==== RECORDS TO USE ====

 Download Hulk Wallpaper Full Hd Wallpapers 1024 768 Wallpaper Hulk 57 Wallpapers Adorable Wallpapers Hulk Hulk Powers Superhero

====
==== RECORDS TO USE ====

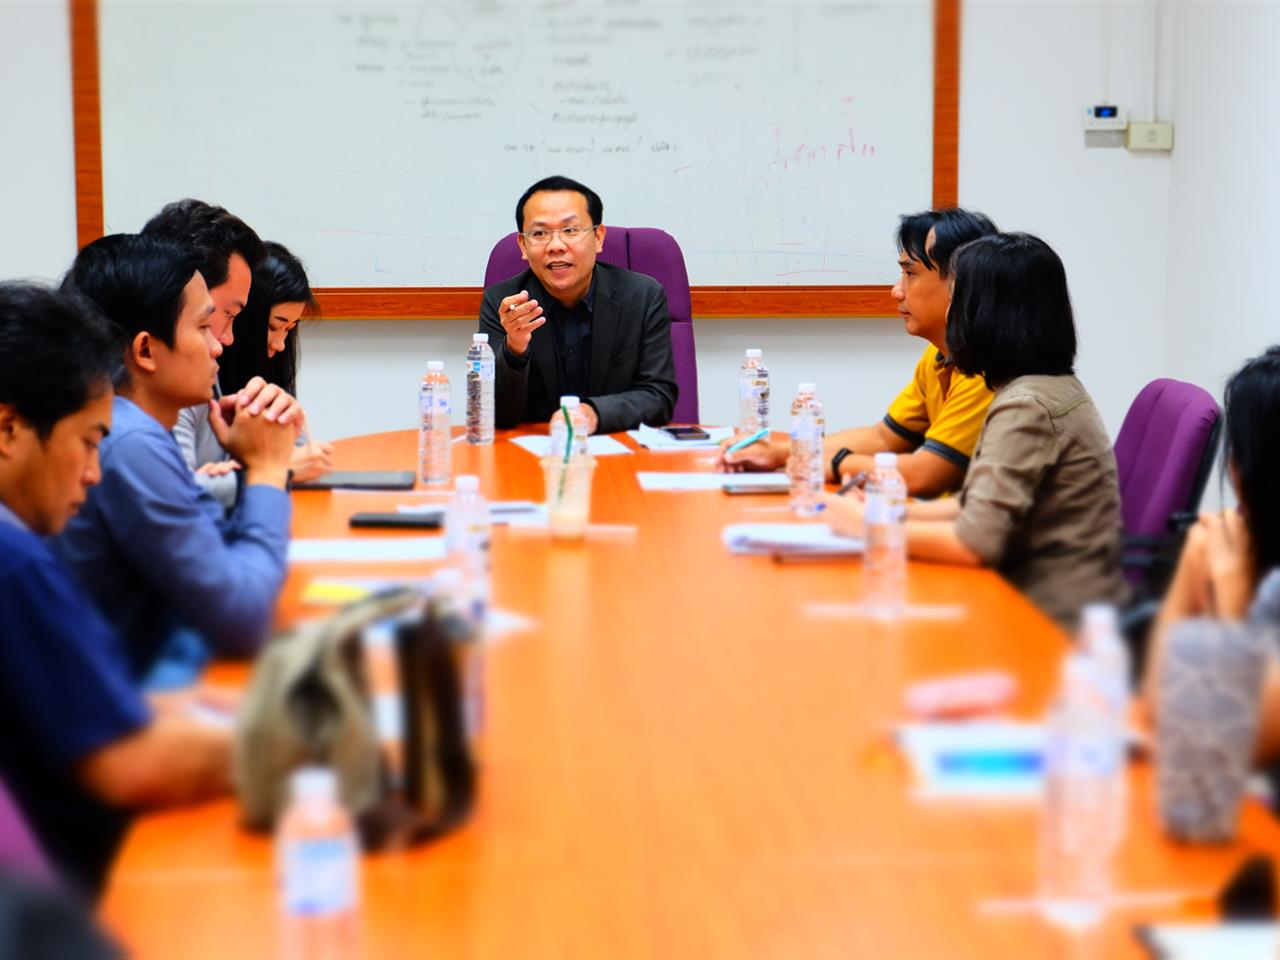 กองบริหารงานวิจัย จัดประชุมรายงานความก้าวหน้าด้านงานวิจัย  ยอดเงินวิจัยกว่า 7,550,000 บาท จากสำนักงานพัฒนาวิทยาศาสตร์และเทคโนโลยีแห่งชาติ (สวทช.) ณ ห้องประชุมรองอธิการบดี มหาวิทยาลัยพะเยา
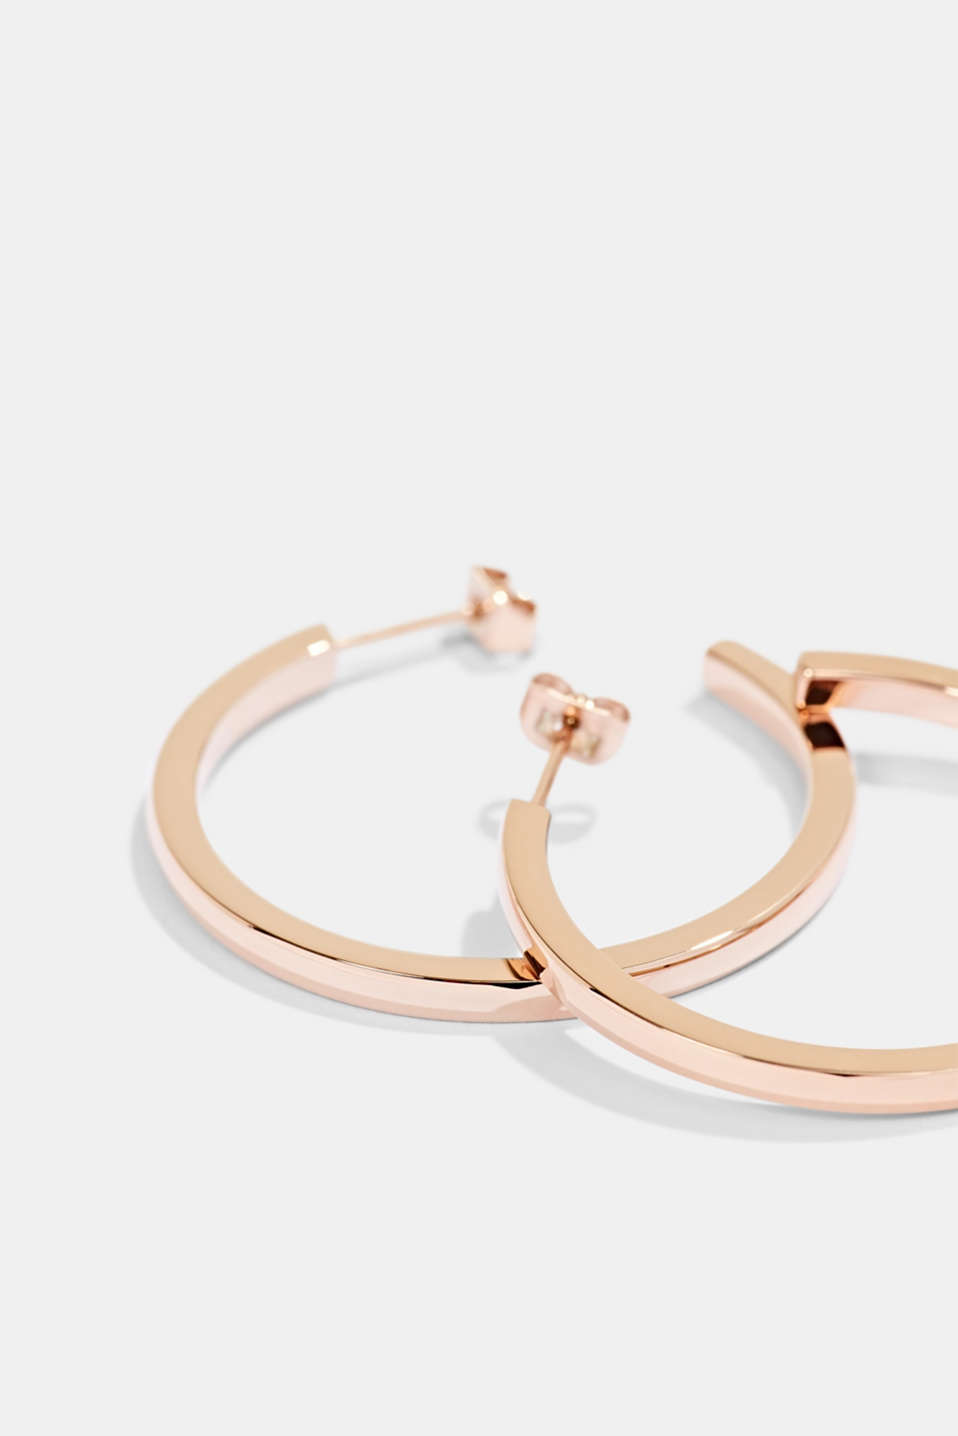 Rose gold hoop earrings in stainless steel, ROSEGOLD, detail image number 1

====
==== RECORDS TO USE ====

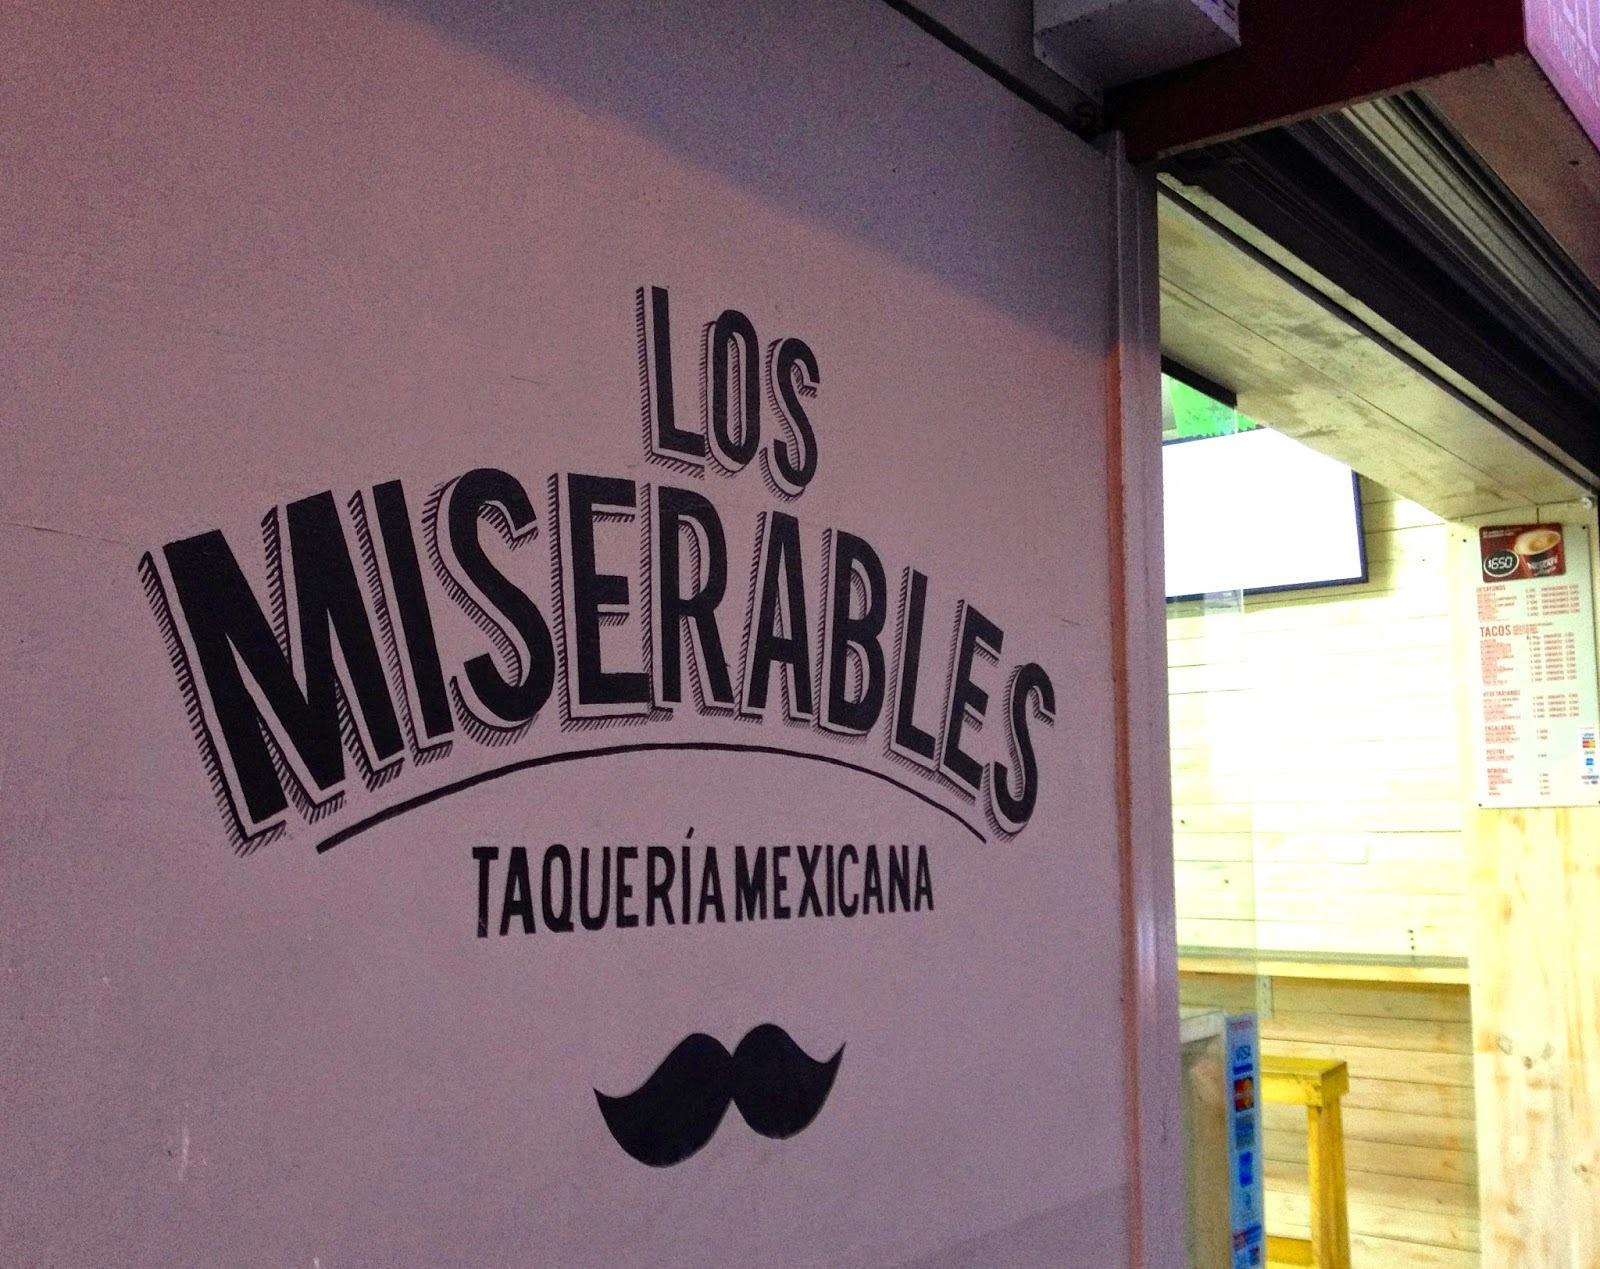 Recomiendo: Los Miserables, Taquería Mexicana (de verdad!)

====

TASK PROMPT: Return exactly the lines of the material above, starting at the line containing "ณ ห้องประชุมรองอธิการบดี มหาวิทยาลัยพะเยา" and finishing at the line containing "Rose gold hoop", without any pictures.

RESPONSE:
 กองบริหารงานวิจัย จัดประชุมรายงานความก้าวหน้าด้านงานวิจัย  ยอดเงินวิจัยกว่า 7,550,000 บาท จากสำนักงานพัฒนาวิทยาศาสตร์และเทคโนโลยีแห่งชาติ (สวทช.) ณ ห้องประชุมรองอธิการบดี มหาวิทยาลัยพะเยา
 Rose gold hoop earrings in stainless steel, ROSEGOLD, detail image number 1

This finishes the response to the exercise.